[LISTED ENTRIES]
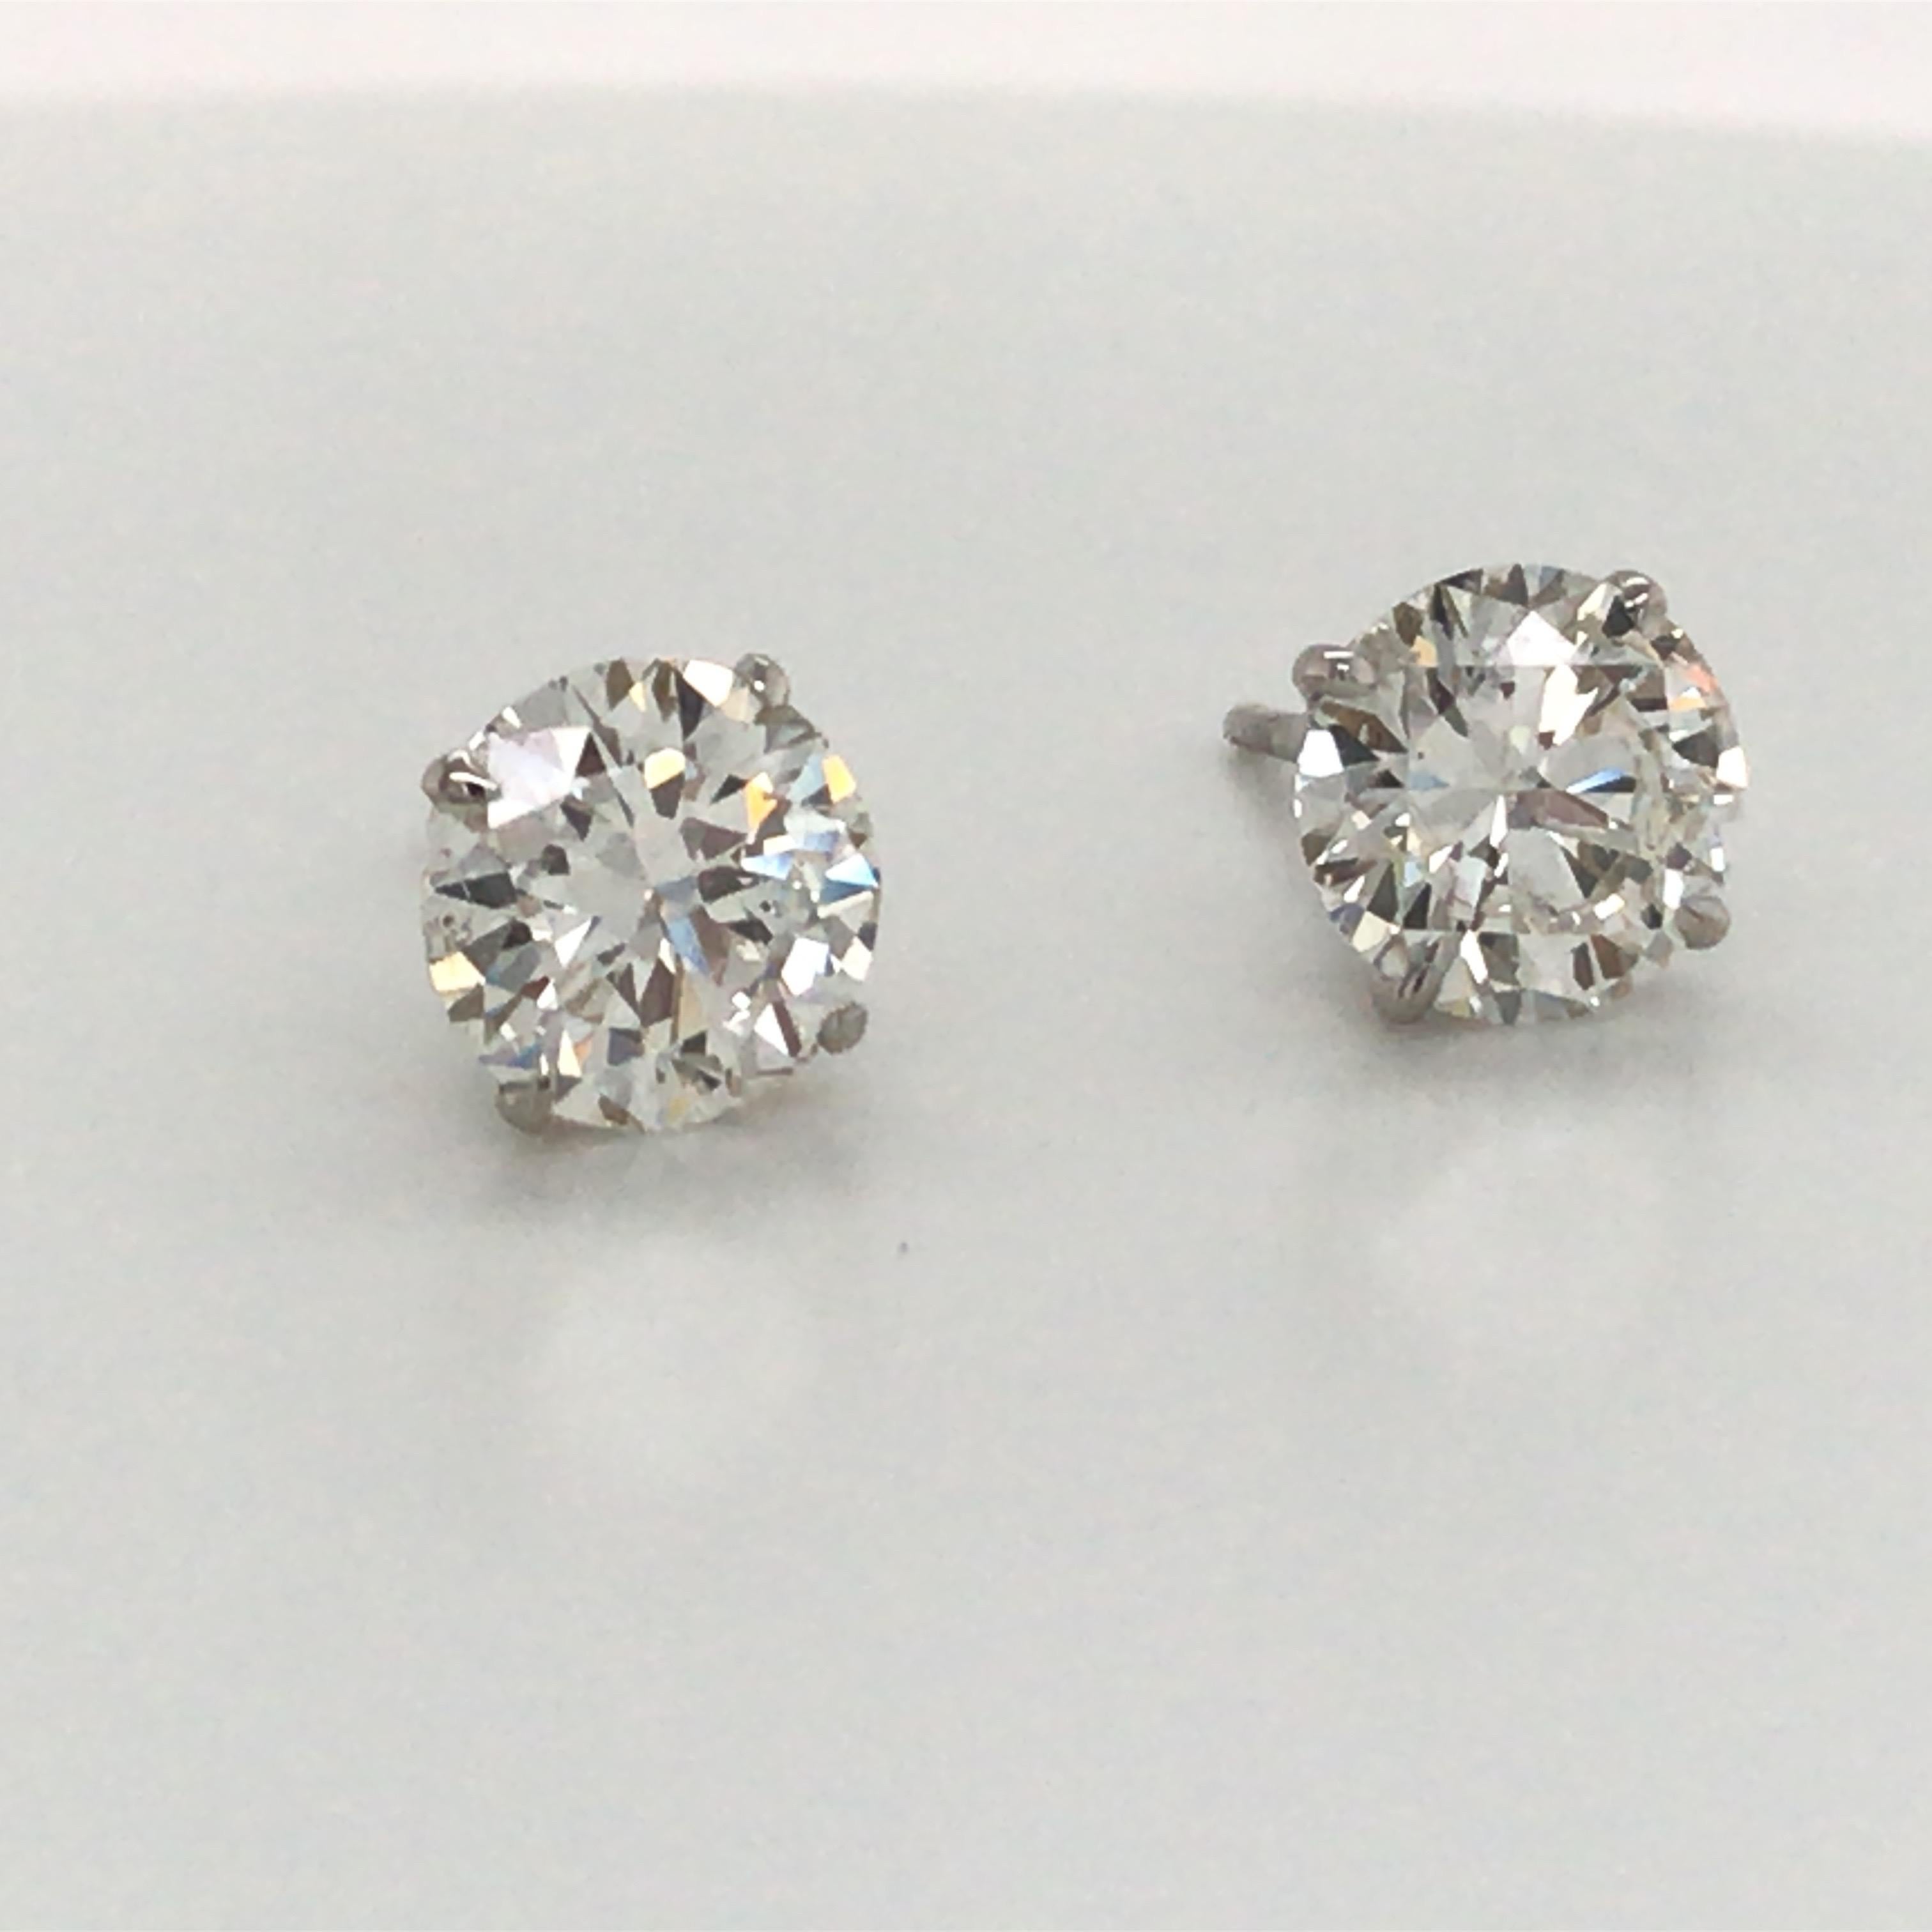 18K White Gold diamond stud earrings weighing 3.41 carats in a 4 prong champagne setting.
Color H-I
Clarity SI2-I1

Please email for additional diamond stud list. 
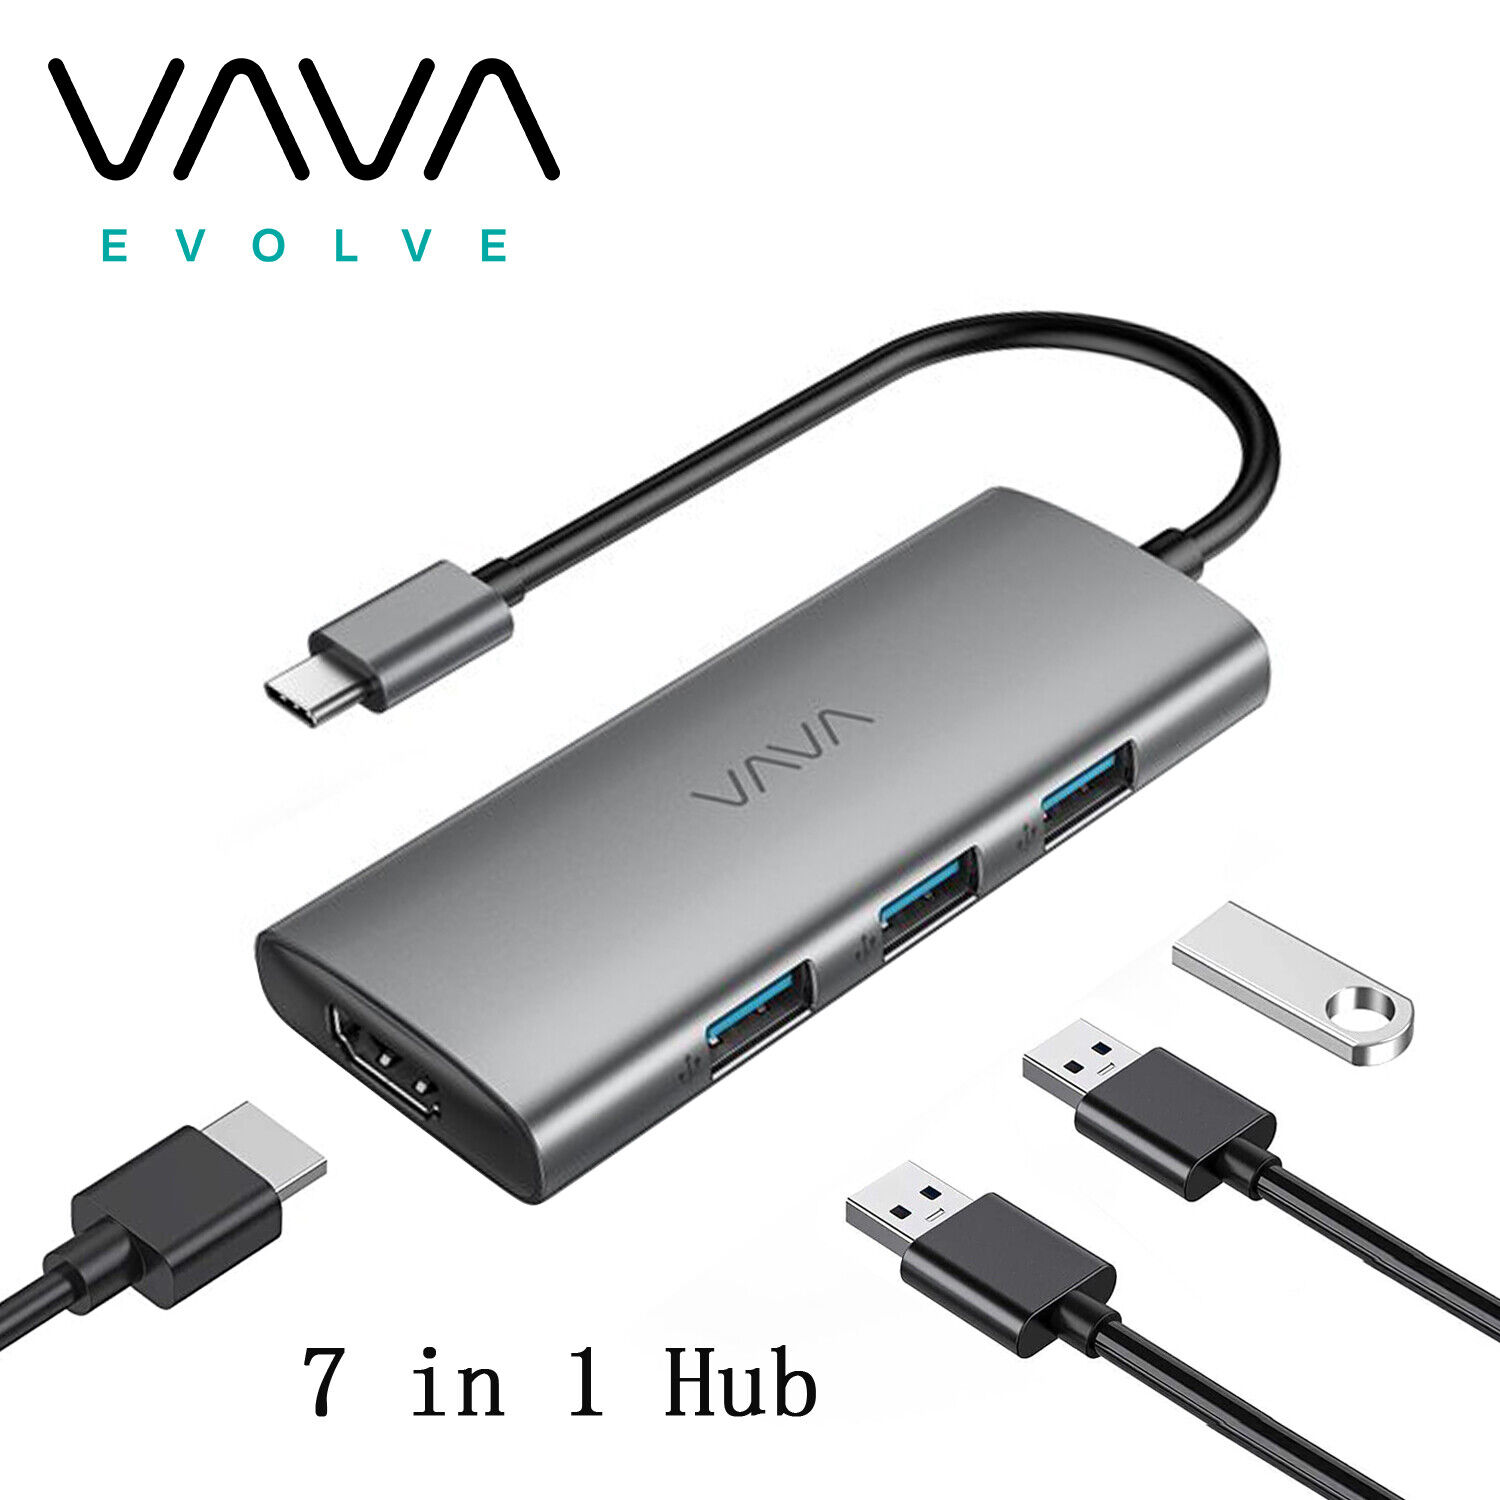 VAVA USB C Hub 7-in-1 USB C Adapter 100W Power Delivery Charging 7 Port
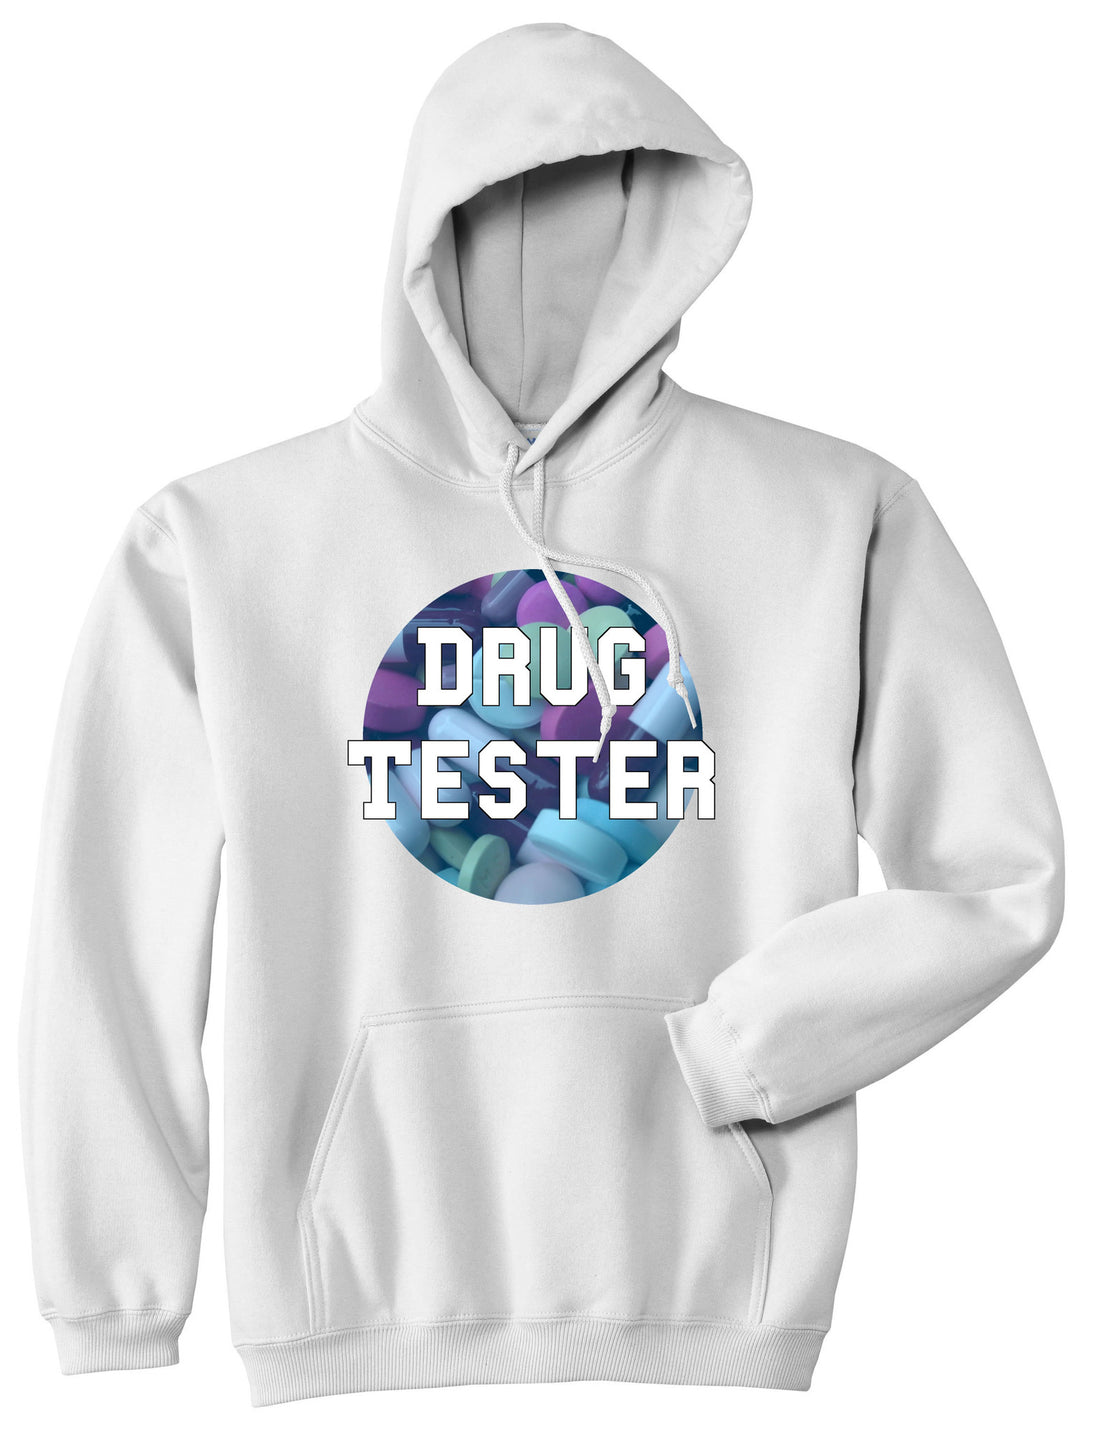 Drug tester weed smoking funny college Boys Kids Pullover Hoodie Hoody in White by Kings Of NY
[/LISTED ENTRIES]
_WORK ORDER_
When restating the records word for word, omit any picture they contain.

_EXPECTED ANSWER_
 18K White Gold diamond stud earrings weighing 3.41 carats in a 4 prong champagne setting.
Color H-I
Clarity SI2-I1

Please email for additional diamond stud list. 
 VAVA USB C Hub 7-in-1 USB C Adapter 100W Power Delivery Charging 7 Port
 Drug tester weed smoking funny college Boys Kids Pullover Hoodie Hoody in White by Kings Of NY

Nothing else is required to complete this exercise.